Design Engineering

UofT’s COVID 19 ‘lab in a box’ receives development funds from Canada

By Laura Osman, The Canadian Press   

General Medical

Researchers’ kit to make COVID 19 diagnosis cheaper and faster for remote areas of the world.

U of T researchers are among several of the 47 research teams pursuing projects related to COVID-19 that are receiving support through a rapid federal funding competition (photo by Nick Iwanyshyn)

OTTAWA – Canadian researchers are developing a “lab-in-a-box” that could make it cheaper and faster to diagnose cases of the novel coronavirus, particularly in remote areas of the world.

The project received $1 million from the International Development Research Centre as part of the $27 million in coronavirus research the federal government announced Friday.

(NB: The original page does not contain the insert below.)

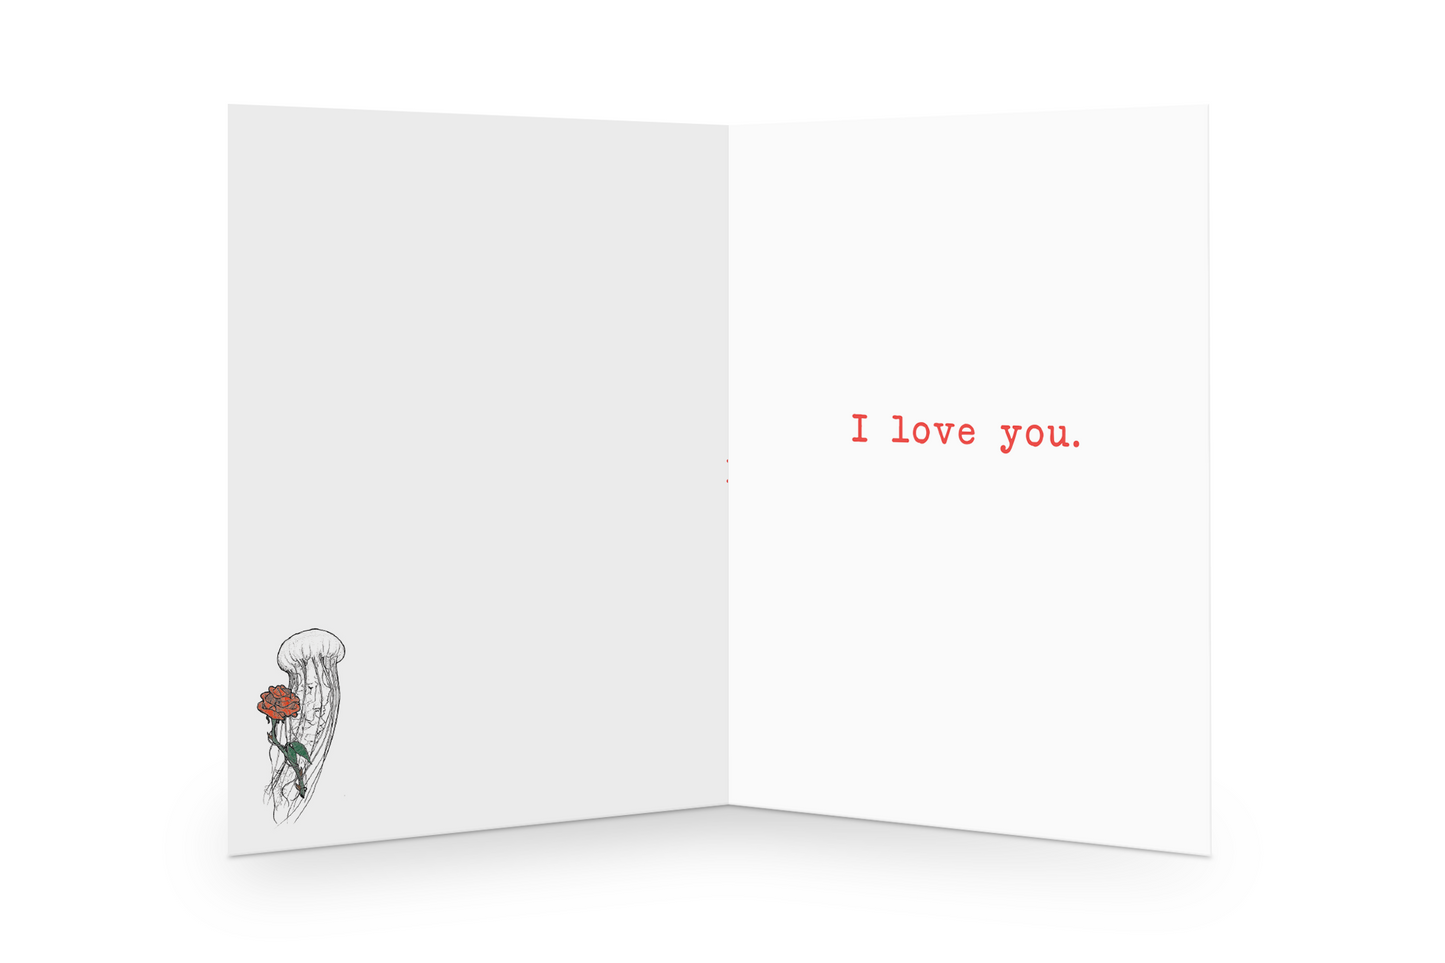 I love you inside greeting card

The technology being developed by Keith Pardee, an assistant professor of pharmacy at the University of Toronto, aims to make it possible for people in remote areas to test for the virus very quickly. Xinyu Liu, an associate professor of engineering at the university, is working to make the test portable.

The ultimate goal is to create a kit that would fit into a container about twice the size of a standard moving box, which would contain the diagnostics and hardware to perform 14,000 COVID-19 tests.


“What we are trying to do is make that functional clinical capacity available more globally,” Pardee said.

The World Health Organization has warned of the danger of the virus spreading in countries without the capability to detect it in patients, which could facilitate an even larger global outbreak. Pardee hopes this technology will eventually be able to help curb that.

It could also be useful here at home, in remote northern communities for example, or ports of entry.

“In places like Canada, our technology would be best suited for decentralized places, like airports and maybe your neighbourhood pharmacy.”

Pardee first developed the technology while working on his post-doctorate in 2014, which allowed he and his fellow researchers to make paper sensors for particular diseases. The team tested the technology on the Zika virus and have validated the diagnostics in patient trials with teams in Brazil, Ecuador and Colombia.

The technology is already reliable in a lab setting, Pardee said, and the grant money will go toward making it accessible to people without specific scientific skills.

Once it’s finished, the lab-in-a-box could be repurposed to respond to future potential pandemics with only a few weeks’ lead time.

Four labs are working on different parts of the project, including teams of viral respirologists in Vietnam and Brazil who will be focused on patient testing.

The federal $27-million package will support 47 research teams from across Canada to develop, test, and implement ways to deal with the global COVID-19 outbreak.

“This is about making sure that Canada is able to participate in this research that is happening globally, that we have Canadian solutions being developed,” Health Minister Patty Hajdu said Friday in Montreal.